The building has seen better days. The floorboards are rotten, the staircase was dangerous, and half the upstairs was already downstairs. Still, its great to see an old railway station building.
The undergrowth and natural decay inside are photogenic, and the tree growing up the fireplace has grown significantly since the earliest report from here.

Enjoyed this place. Explored on my own whilst on a trip to visit my mate in Nowheresville, Lincolnshire..*


_Gedney railway station was a station in Gedney, Lincolnshire. It was a station on the Midland and Great Northern Joint Railway network. It was closed in 1959. The station survives today but in a derelict state. Part of a once mighty cross country Joint railway The Midland and Great Northern Railway was an amalgimation of small branch lines into what finally became a 180 mile cross country Joint railway, stretching from the East Midlands to the Norfolk coast. _

The platforms






Office





Platform side





Other side




















my favourite shot:















Thanks for looking


----------



## krela (Jun 12, 2015)

Blimey, the line must have been struggling if it was closed pre Beeching. Thanks for posting.


----------



## smiler (Jun 12, 2015)

That is really nice, I enjoyed it, Thanks


----------



## thorfrun (Jun 12, 2015)

love that tree shot on the fireplace, i cannot believe how intact it still is and krela is right a pre beeching closure must have meant a non profitable line quite early on.


----------



## The Wombat (Jun 12, 2015)

thorfrun said:


> love that tree shot on the fireplace, i cannot believe how intact it still is and krela is right a pre beeching closure must have meant a non profitable line quite early on.

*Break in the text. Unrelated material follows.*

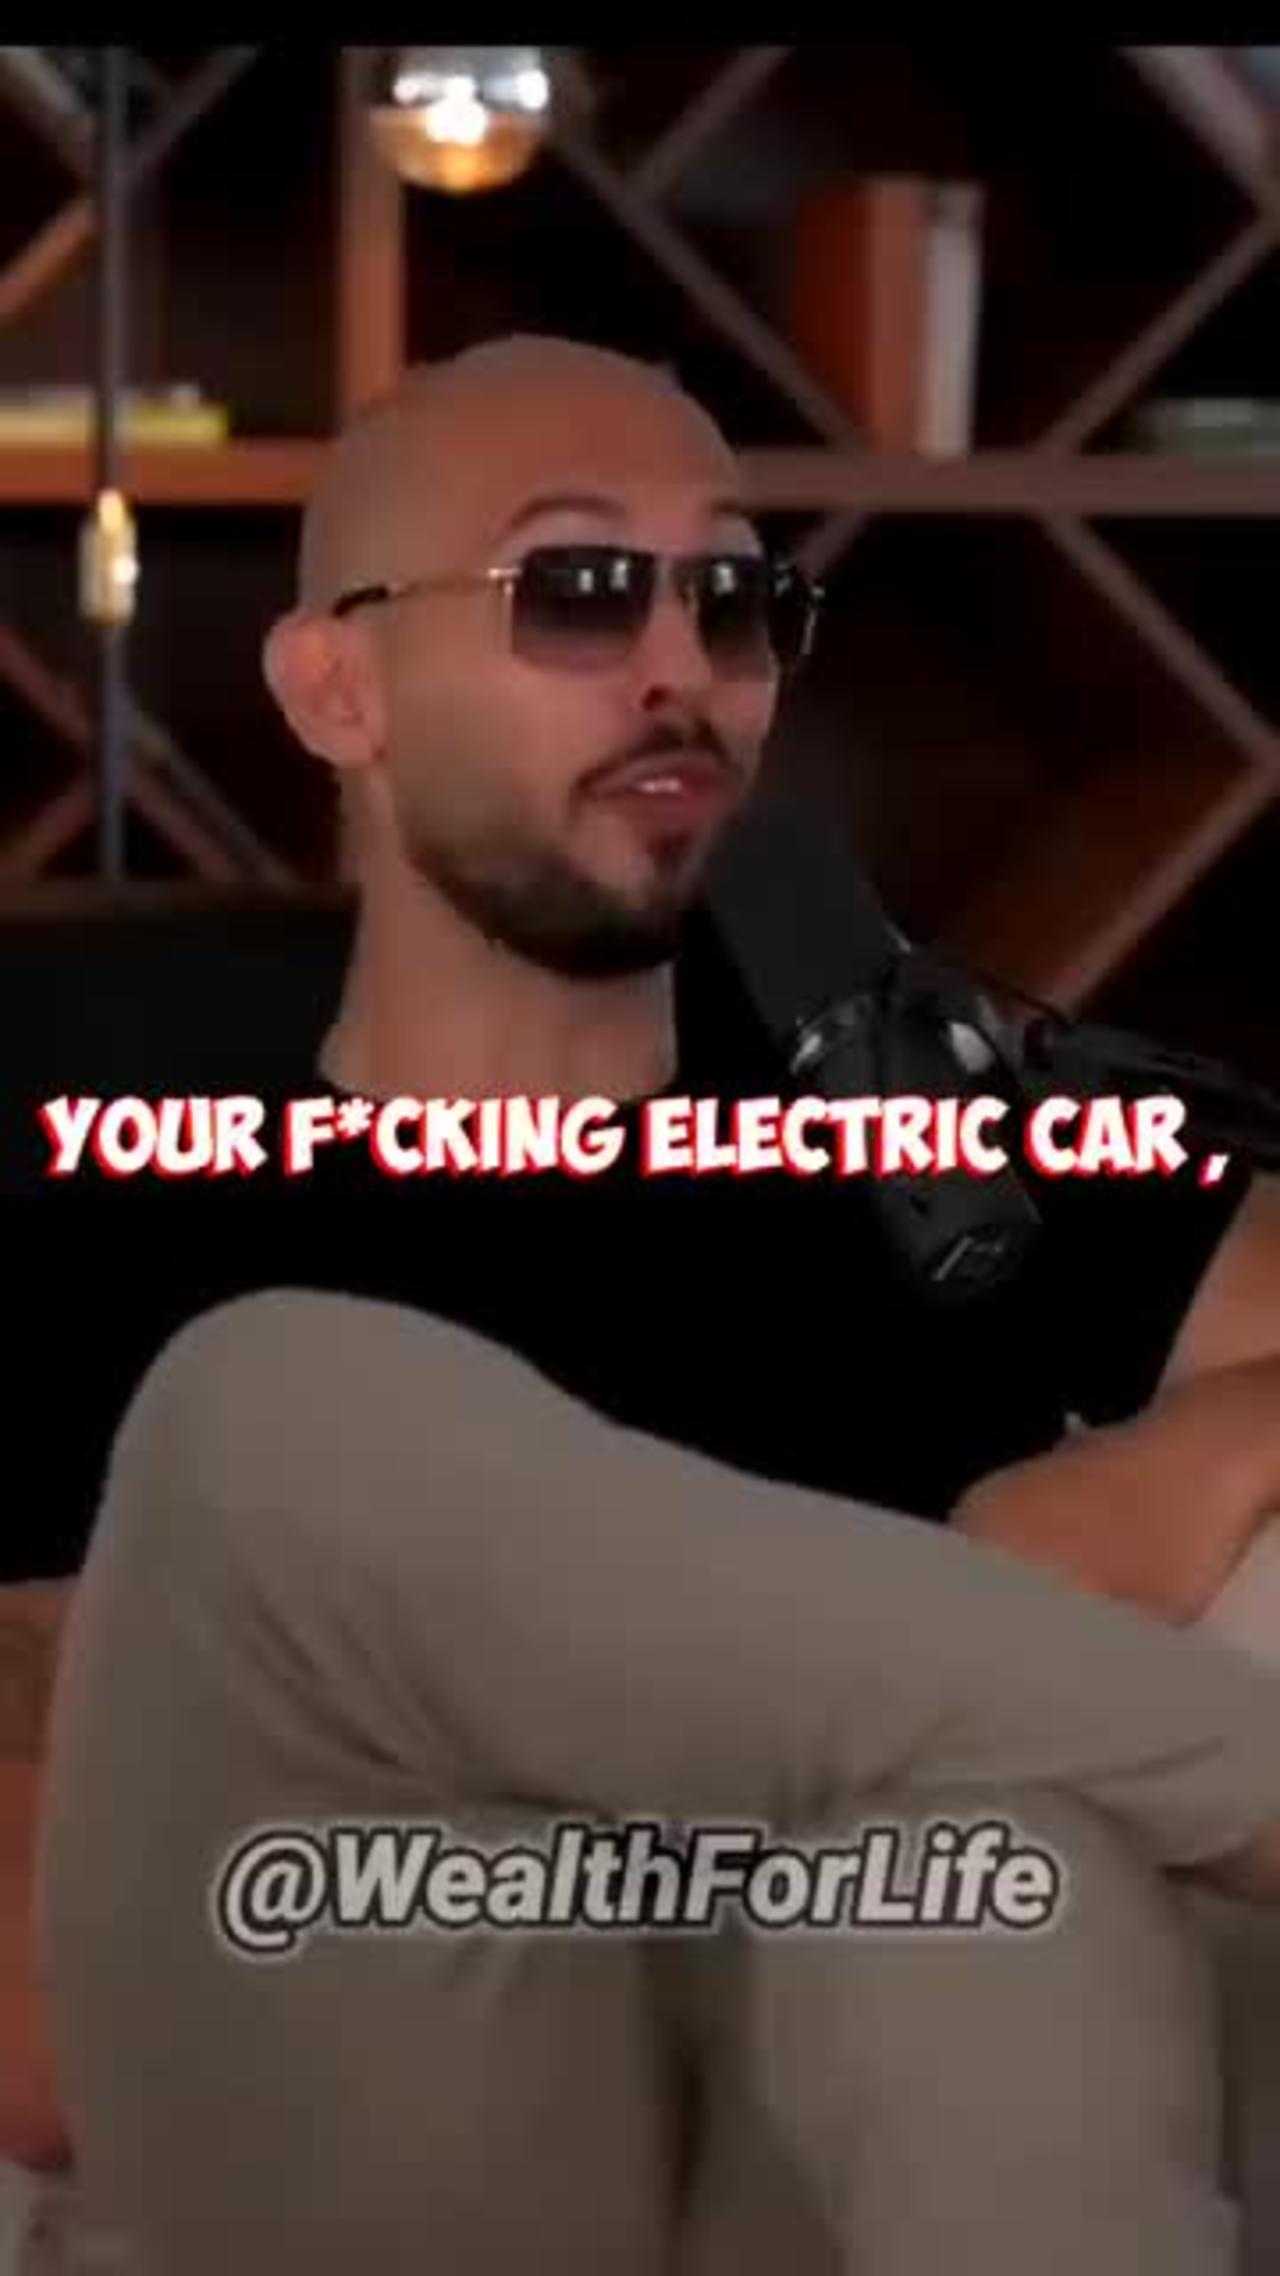 Tate explains why electric cars are a bad idea...
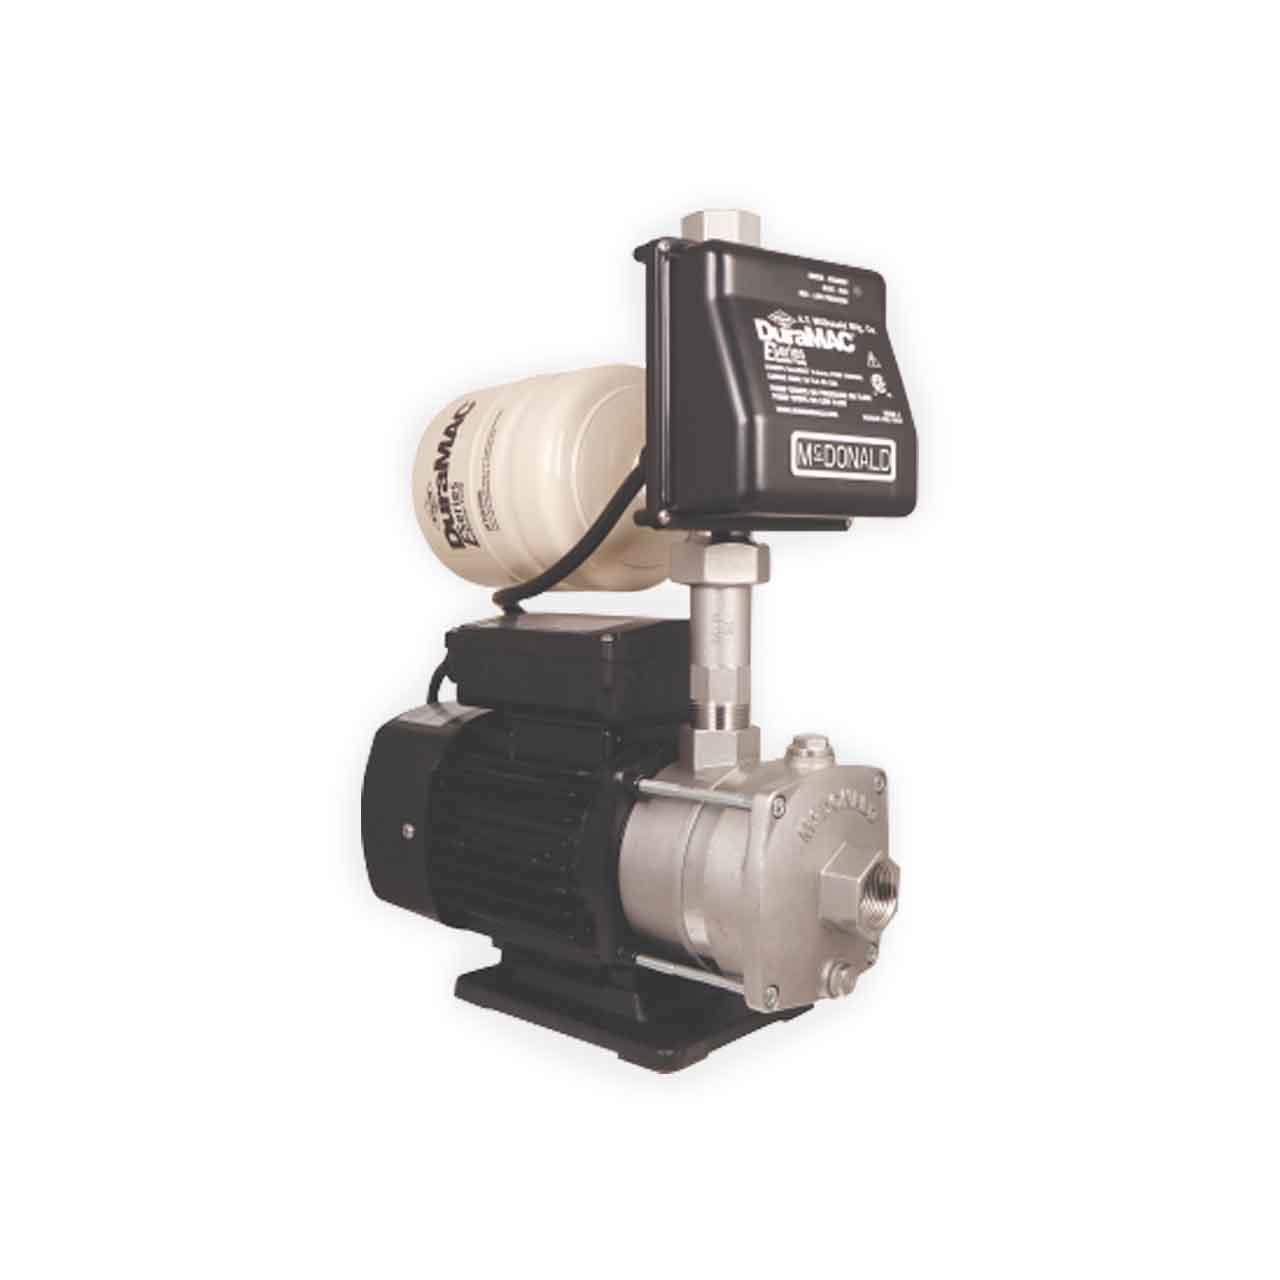 Express Water Adjustable Water Booster Pump – Reverse Osmosis Water Fi

thanks mate, The tree shot on the fireplace is my favourite
The line that runs through Melton that I've explored a few times was also a pre Beeching axe


----------



## tumble112 (Jun 12, 2015)

Another nice railway explore. Really enjoyed that.


----------



## Mikeymutt (Jun 12, 2015)

Really enjoyed that one..you can't beat a good train station.


----------



## The Wombat (Jun 12, 2015)

Thanks Mikey & Tumble 
I have wanted to see an old station for a while


----------



## HughieD (Jun 12, 2015)

Superb stuff. Really into railway derelicts at the mo...


----------



## The Wombat (Aug 7, 2015)

HughieD said:


> Superb stuff. Really into railway derelicts at the mo...



Thanks Hughie 
Railway stuff & derelict building, 2 for the price of 1


----------



## johno23 (Aug 9, 2015)

Great find,its always good to see places connected with the Great Northern line.
Beeching caused enough unnecessary damage when he got involved,but it seems that the decline had started sometime before that.


----------